Time frame: 1-month (T2)
Health-Related Quality of Life (HRQOL)
Healthy days are the positive complementary form of unhealthy days. Healthy days estimates the number of recent days when a person's physical and mental health was good (or better) and is calculated by subtracting the number of unhealthy days from 30 days. Unhealthy days are an estimate of the overall number of days during the previous 30 days when the respondent felt that either his or her physical or mental health was not good. To obtain this estimate, responses to questions 2 and 3 are combined to calculate a summary index of overall unhealthy days, with a logical maximum of 30 unhealthy days. For example, a person who reports 4 physically unhealthy days and 2 mentally unhealthy days is assigned a value of 6 unhealthy days, and someone who reports 30 physically unhealthy days and 30 mentally unhealthy days is assigned the maximum of 30 unhealthy days. Here we report the number and % of participants who reported fair or poor HRQoL.
Time frame: 6-month (T3)
Health-Related Quality of Life (HRQOL)
Healthy days are the positive complementary form of unhealthy days. Healthy days estimates the number of recent days when a person's physical and mental health was good (or better) and is calculated by subtracting the number of unhealthy days from 30 days. Unhealthy days are an estimate of the overall number of days during the previous 30 days when the respondent felt that either his or her physical or mental health was not good. To obtain this estimate, responses to questions 2 and 3 are combined to calculate a summary index of overall unhealthy days, with a logical maximum of 30 unhealthy days. For example, a person who reports 4 physically unhealthy days and 2 mentally unhealthy days is assigned a value of 6 unhealthy days, and someone who reports 30 physically unhealthy days and 30 mentally unhealthy days is assigned the maximum of 30 unhealthy days. Here we report the number and % of participants who reported fair or poor HRQoL.
Time frame: 12-month (T3)
Decision Regret Scale
The Decision Regret Scale is made up of 5 items that address the notion of regret in a variety of ways. Scoring on a 4-point scale (from 1 for strongly agree to 4 for strongly disagree) with the scale for the negatively worded items. The total score is taken from the mean of the 5 items, and then converted to a 0-100 scale by subtracting 1 from each item then multiply by 25. A score of 0 means no regret; a score of 100 means high regret.

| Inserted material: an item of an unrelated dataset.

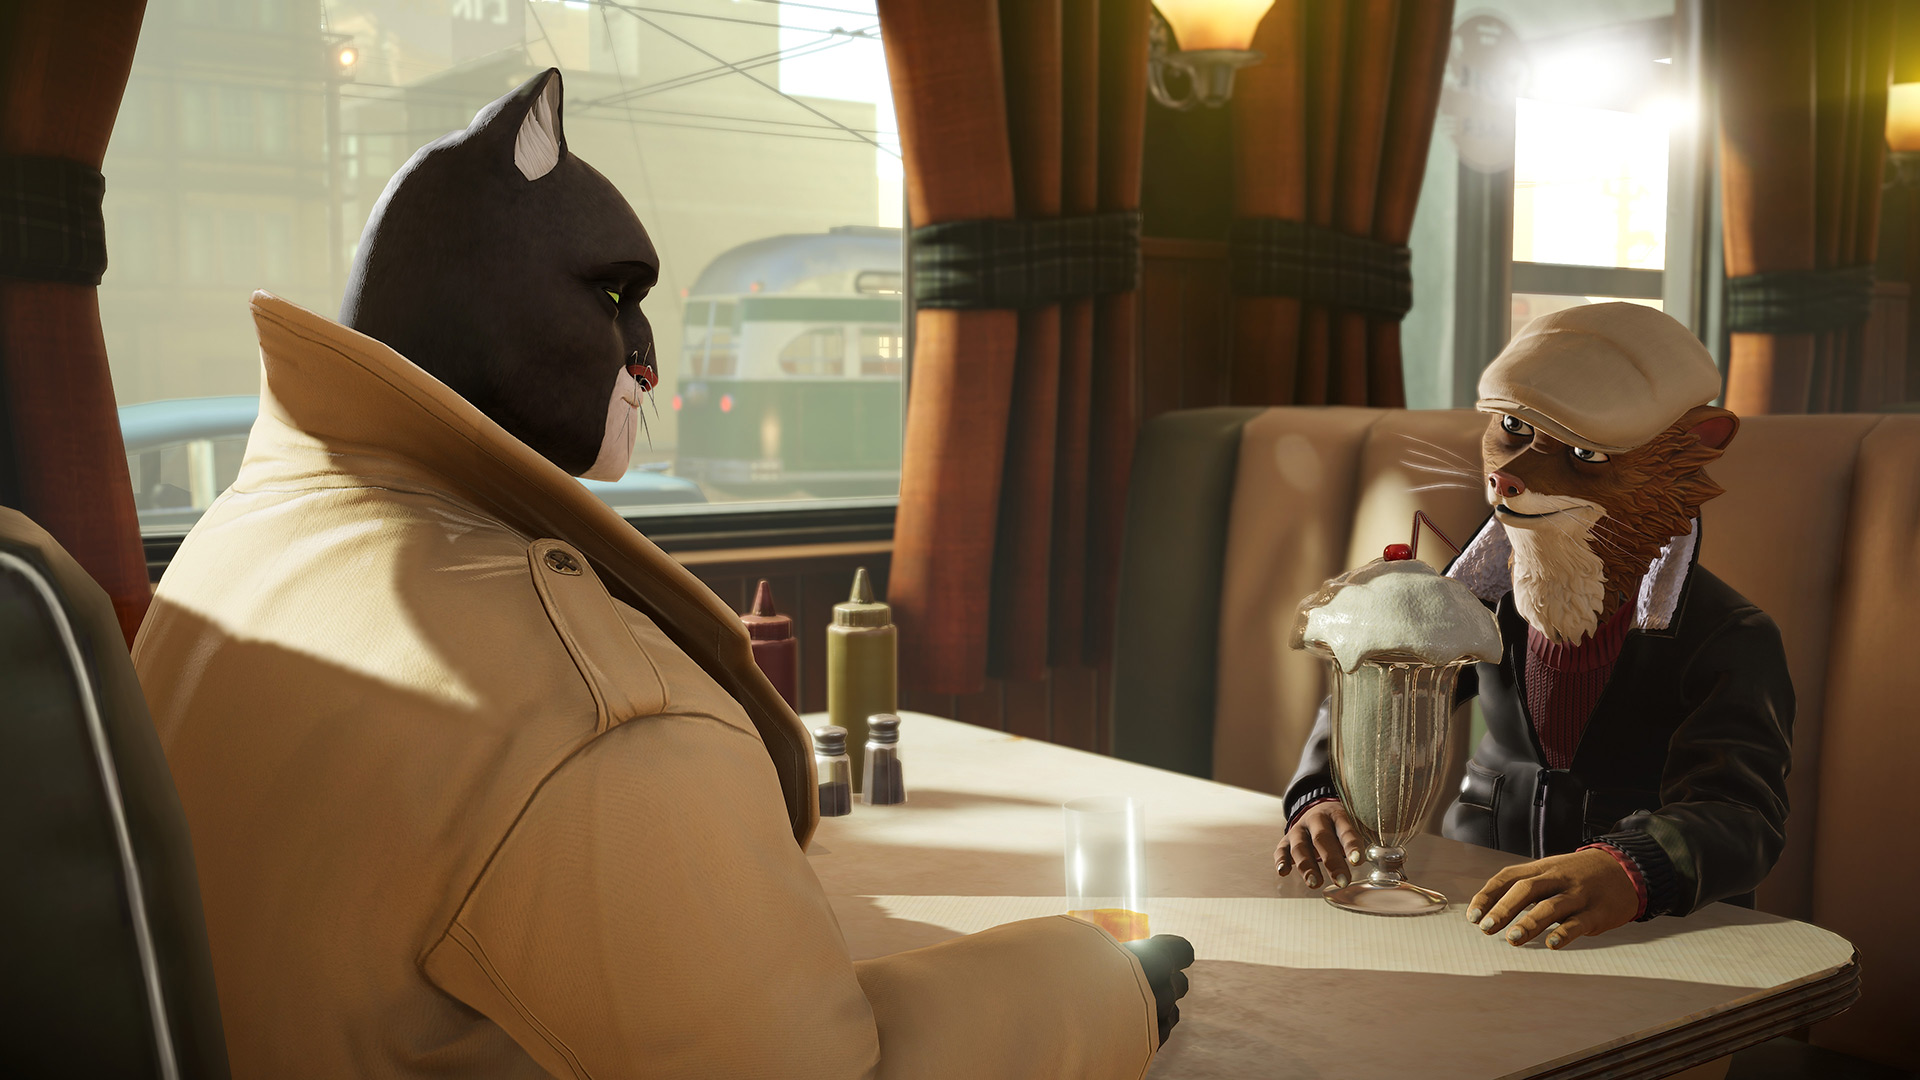 Blacksad: Under the Skin is part of the Intrigue Bundle on Fanatical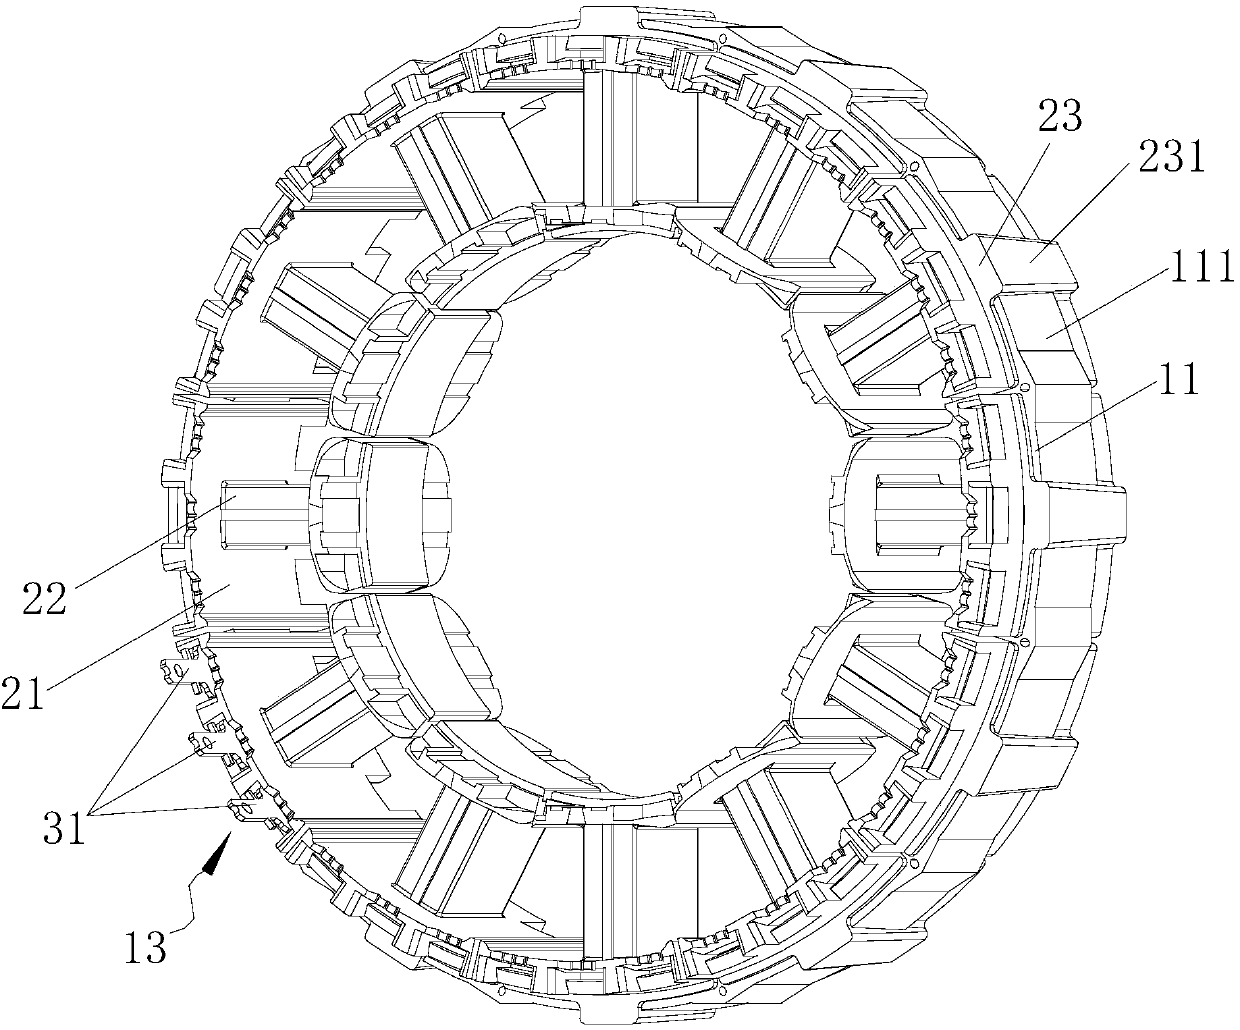 A stator assembly and its manufacturing method

Time frame: 1- month post-disclosure
Decision Regret Scale
The Decision Regret Scale is made up of 5 items that address the notion of regret in a variety of ways. Scoring on a 4-point scale (from 1 for strongly agree to 4 for strongly disagree) with the scale for the negatively worded items. The total score is taken from the mean of the 5 items, and then converted to a 0-100 scale by subtracting 1 from each item then multiply by 25. A score of 0 means no regret; a score of 100 means high regret.